# Employees Accepting Work Co. is Bidding On



## mgams (Jul 26, 2005)

Wanted to get your thoughts. Work has been slow. Here is the situation. Employee “A” has an acquaintance that asks him if he could do a little work on his house. The employee looks at the work and tells the home owner it is too much work for him to handle and that the owner should go through the company. I, the owner, go look at the project and tell the home owner I will get back to him with a quote. Meanwhile, the home owner contacts employee “A”, and asks if he can give him a quote to start demolition. Without my knowledge, he complies, involves a second employee (B) and they begin working on the project I'm bidding on. By the way, the client gave me a twelve page scope of work outline which included the demolition.


----------



## overanalyze (Dec 28, 2010)

Do you have any non compete clauses with your employees while employed by you? Are they doing it on their own time with their own tools?


----------



## stombaugh85 (Jul 23, 2012)

Get rid of them! If their going behind your back now they always will. Next they will be using your tools, materials, gas, ect. They have no loyalty or respect for you, then return the favor! :bangin: :hang: :no:


----------



## Jaws (Dec 20, 2010)

Tough one. Maybe they were unclear of the situation? 

Normally, id say if a hand did side work around my back (never has happened) Id tell them to kick rocks

But, in this case, the guy brought you the lead.
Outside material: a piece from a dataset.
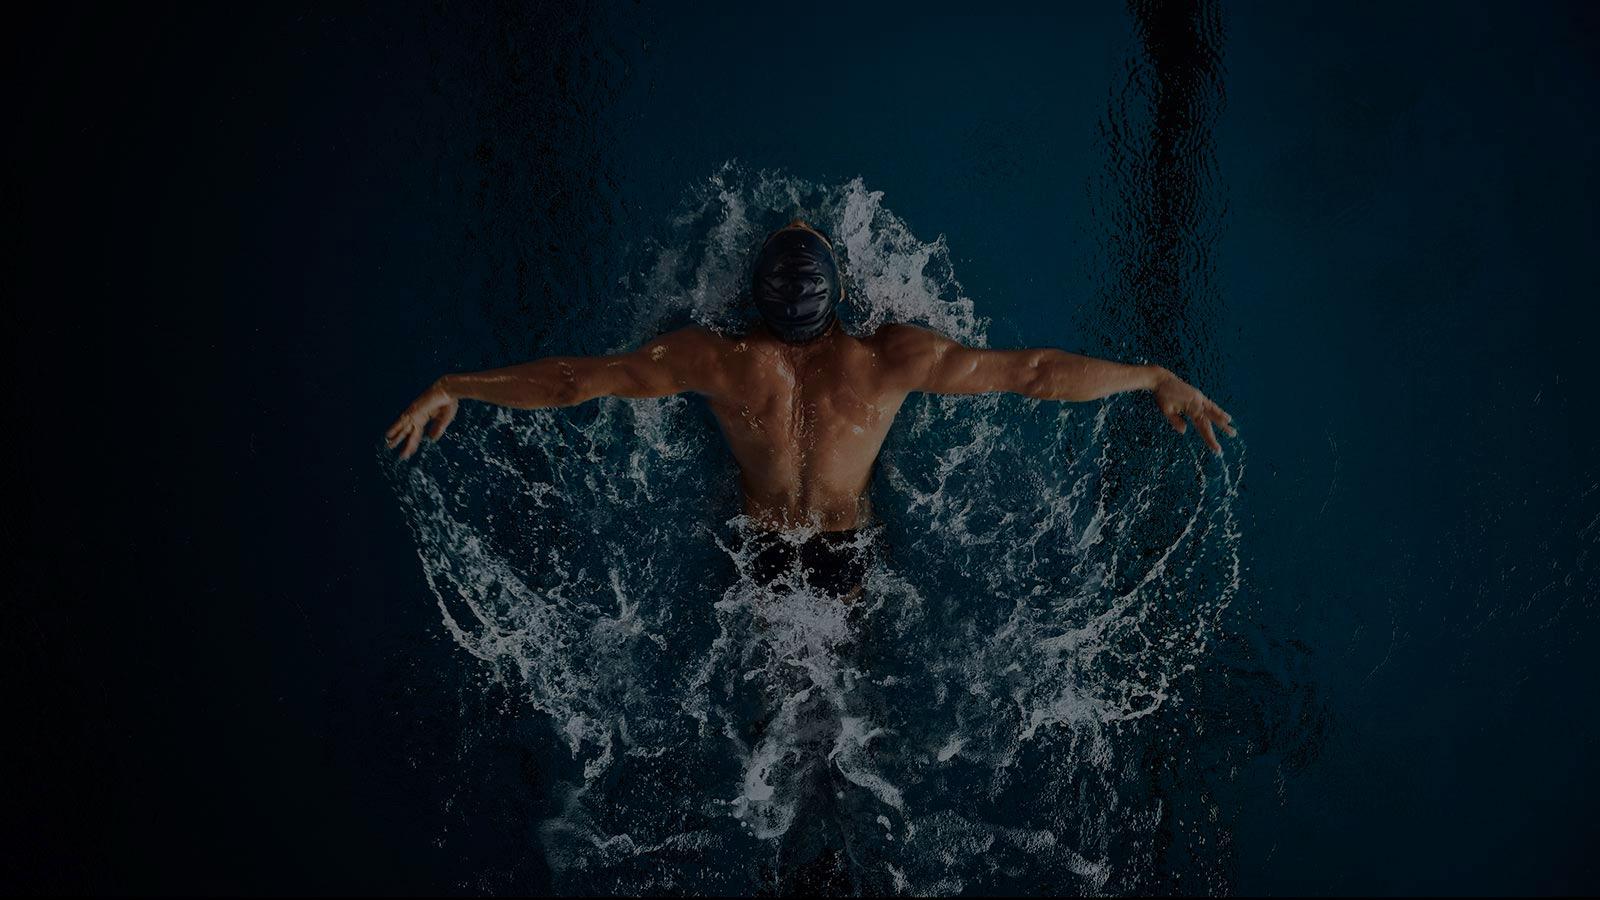 """""""تويوتا"""" تختار السباح السوري رامي أنيس وجهاً إعلانياً لأولمبياد 2020 – حرية برس Horrya press"""

Id probably explain your stance on the situation and move on.

To be clear, I dont have a problem with my crew doing side work, I did when I was a carpenter working for others. Ill even lend tools from time to time. But I never took any work my boss would be interested in. 

I dont care what work my guys do after hours, but not for my clients or any other conflict of interest.


----------



## concretemasonry (Dec 1, 2006)

An employer does not own an employee, especially if he is to slow to even give a quote for the entire job. This forced the potential client to look for someone to do a small part of the bigger job he refused.

Employee A should probably be get paid for referrals if the the company can respond quickly to leads with a quote and performance.


----------



## r4r&r (Feb 22, 2012)

mgams said:


> I, the owner, go look at the project and tell the home owner I will get back to him with a quote.


Guess it really depends on how long was the delay in providing the quote. If there was a long enough delay and you aren't keeping your crew busy can you blame them for trying to make a little money to take care of their own. You also did say they knew the HO and they sent the lead to you. 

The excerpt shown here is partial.